Segment Start: Recorded information
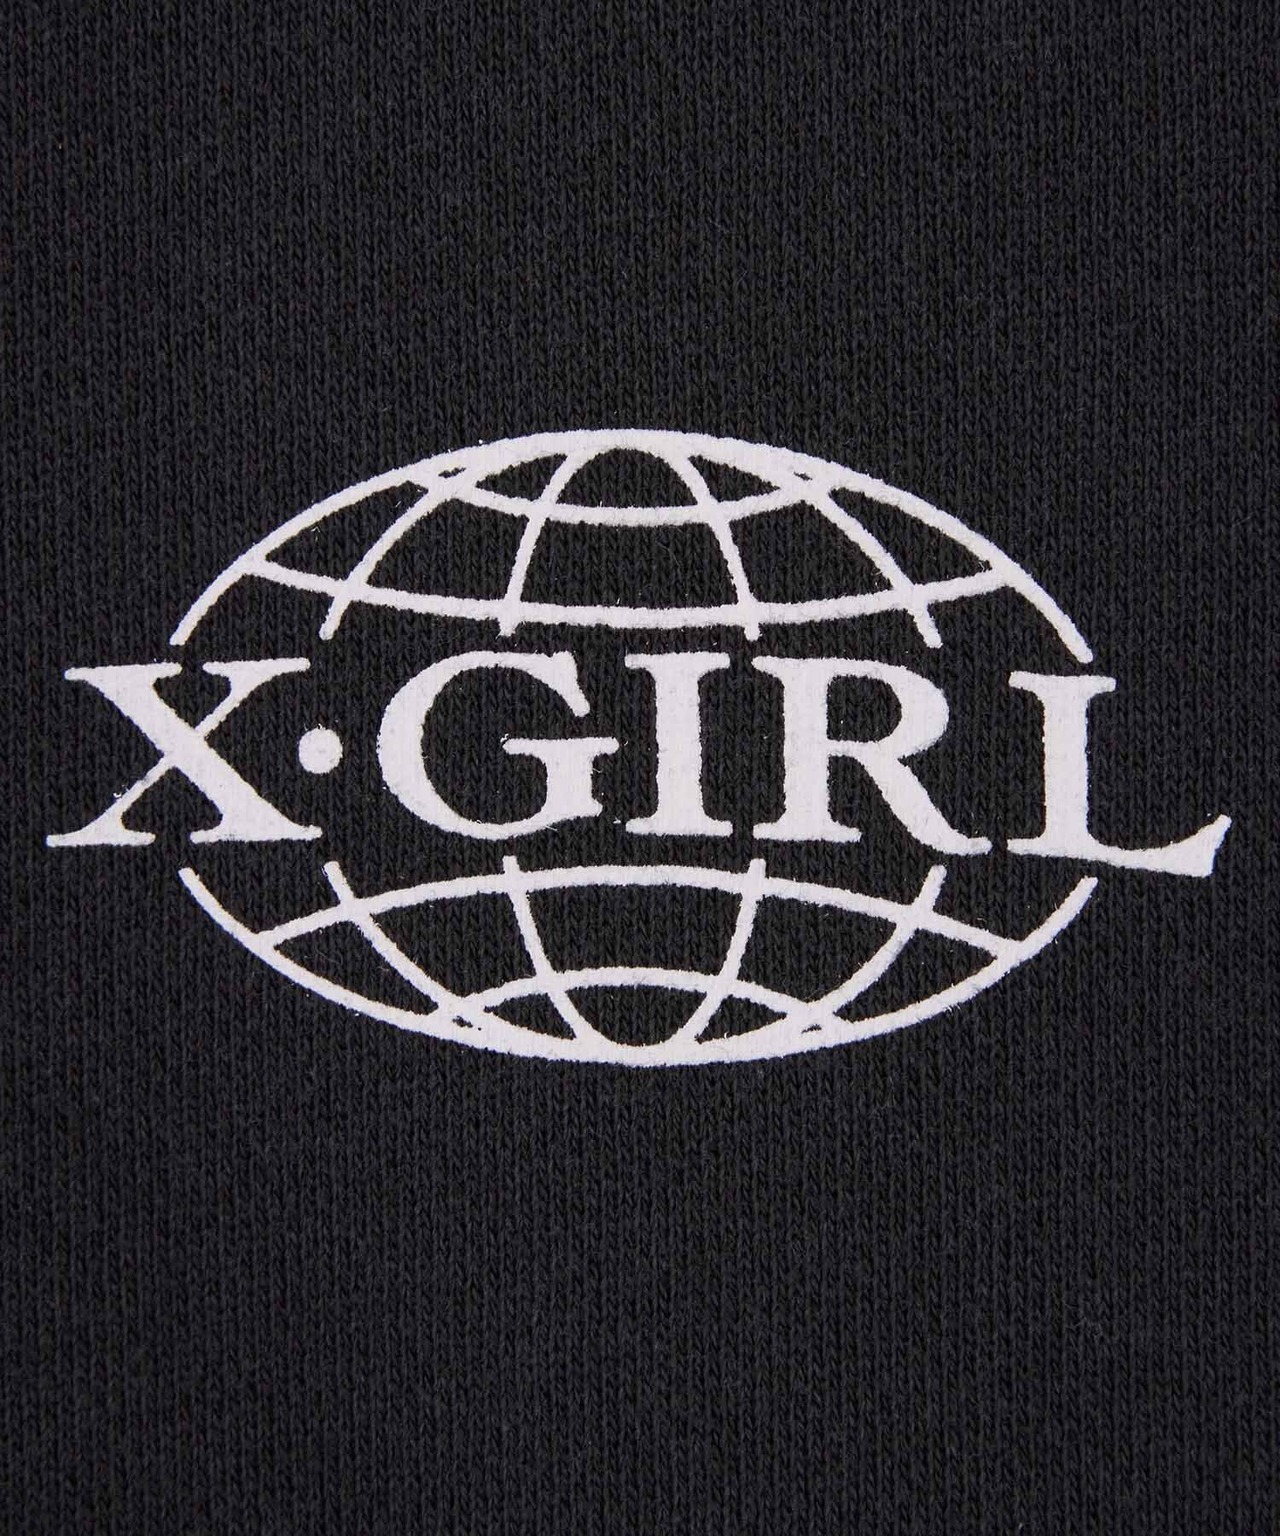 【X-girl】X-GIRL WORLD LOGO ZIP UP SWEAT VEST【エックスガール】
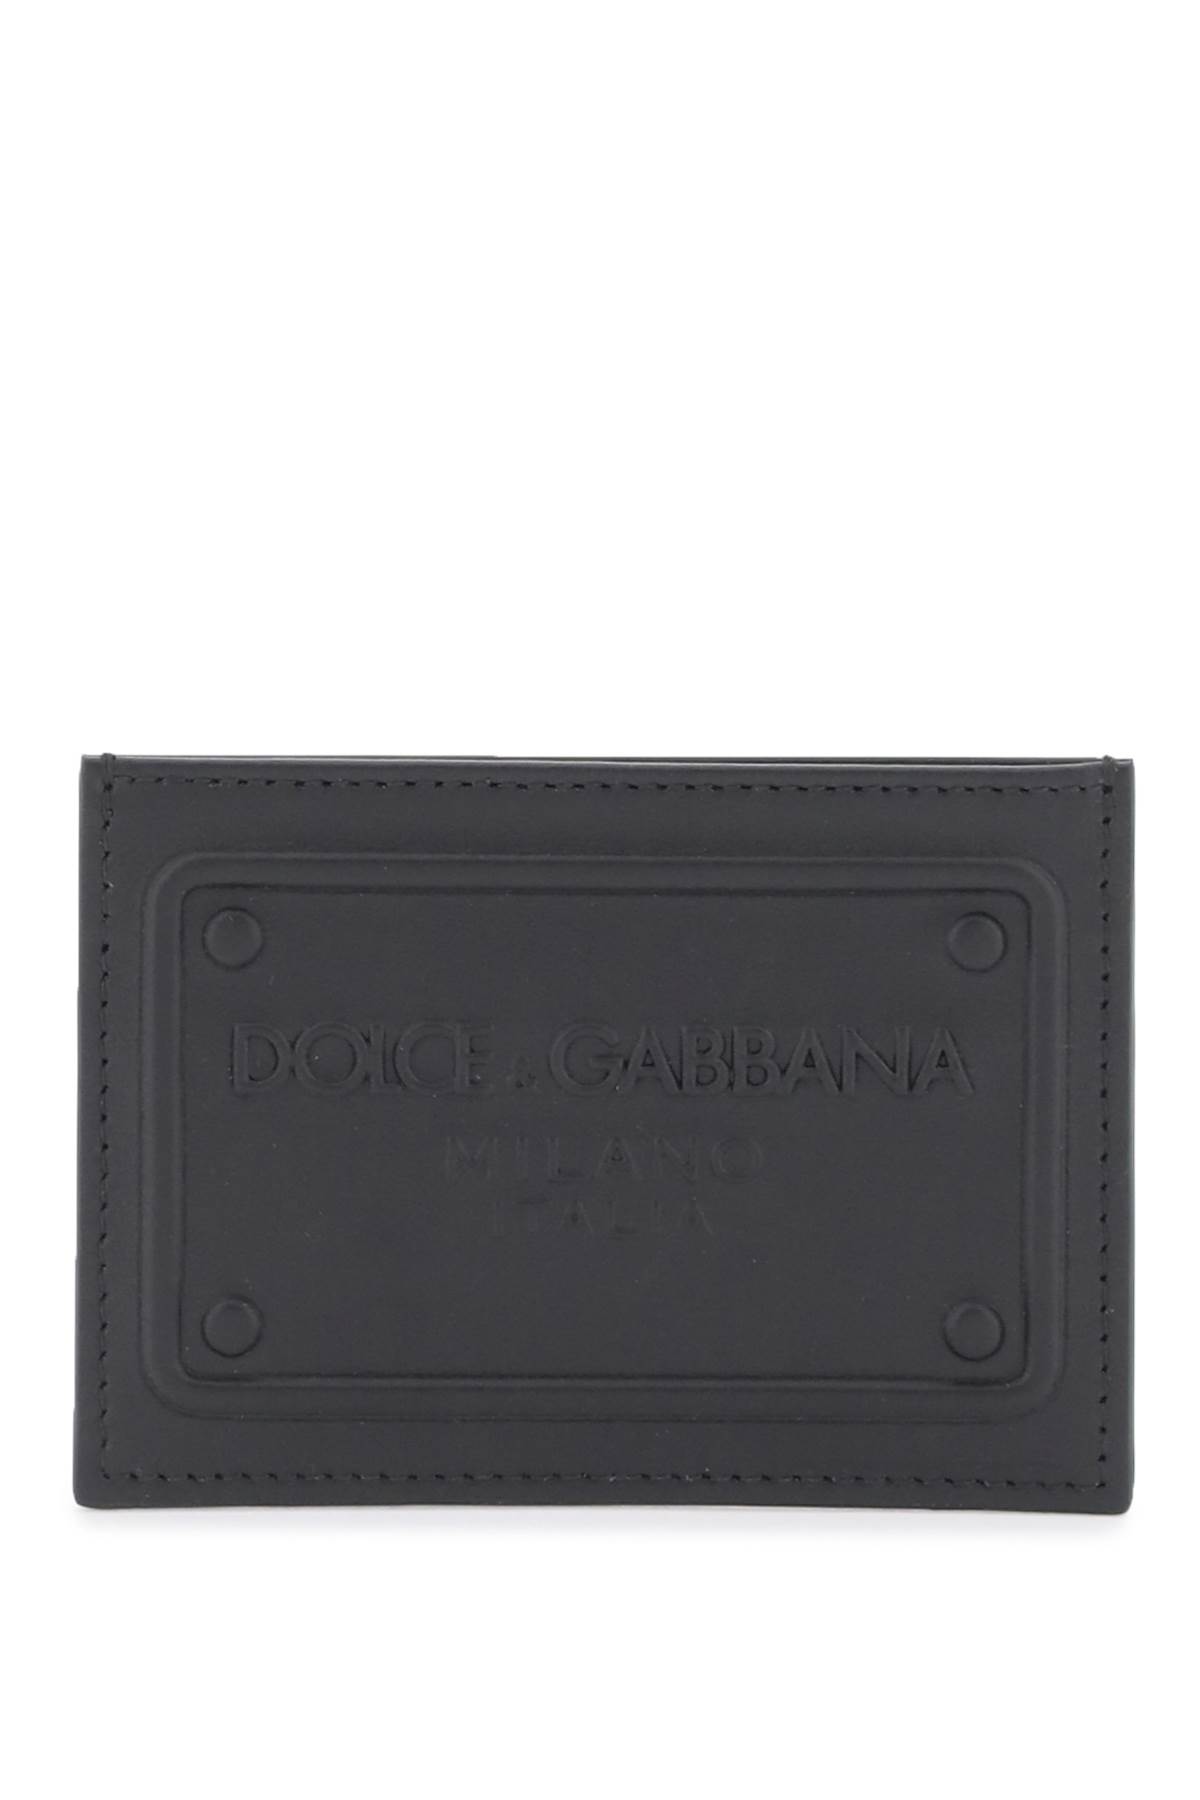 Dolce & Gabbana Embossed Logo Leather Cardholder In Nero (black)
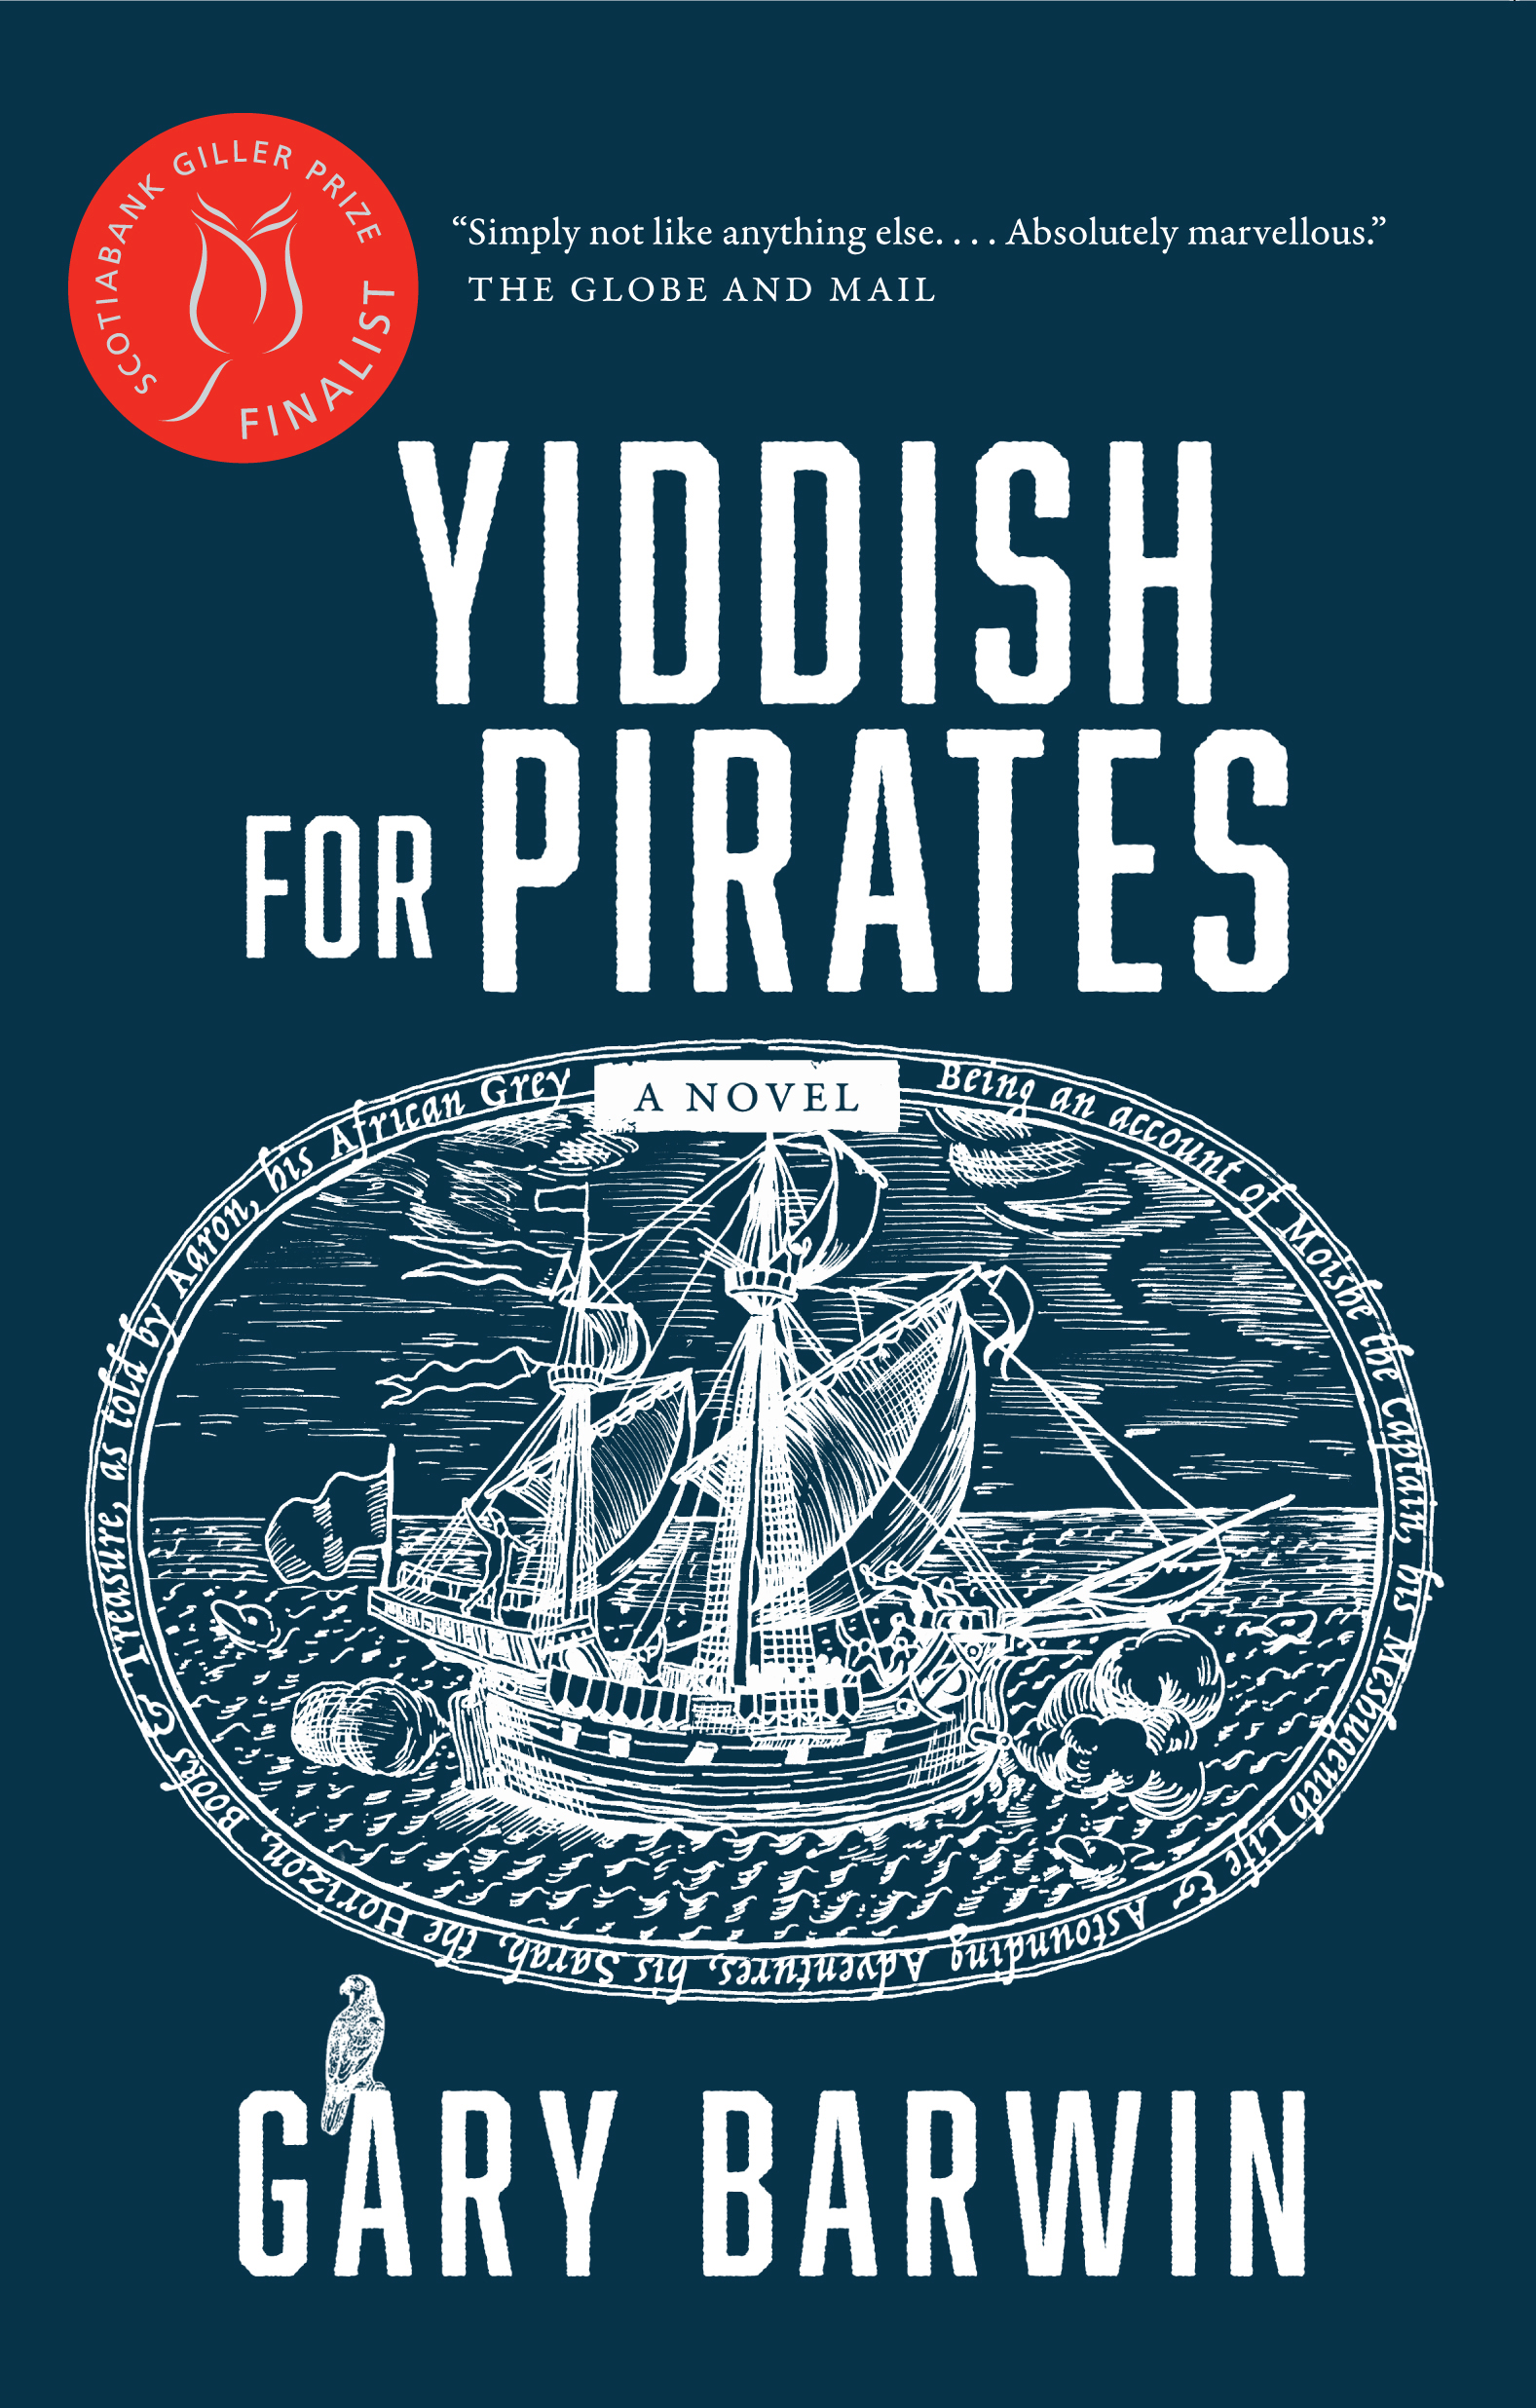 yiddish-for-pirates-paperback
Segment End: Recorded information
Task to complete =>
The reply should repeat the listing above exactly and contain no pictures.

Exercise answer =>
 【X-girl】X-GIRL WORLD LOGO ZIP UP SWEAT VEST【エックスガール】
 Dolce & Gabbana Embossed Logo Leather Cardholder In Nero (black)
 yiddish-for-pirates-paperback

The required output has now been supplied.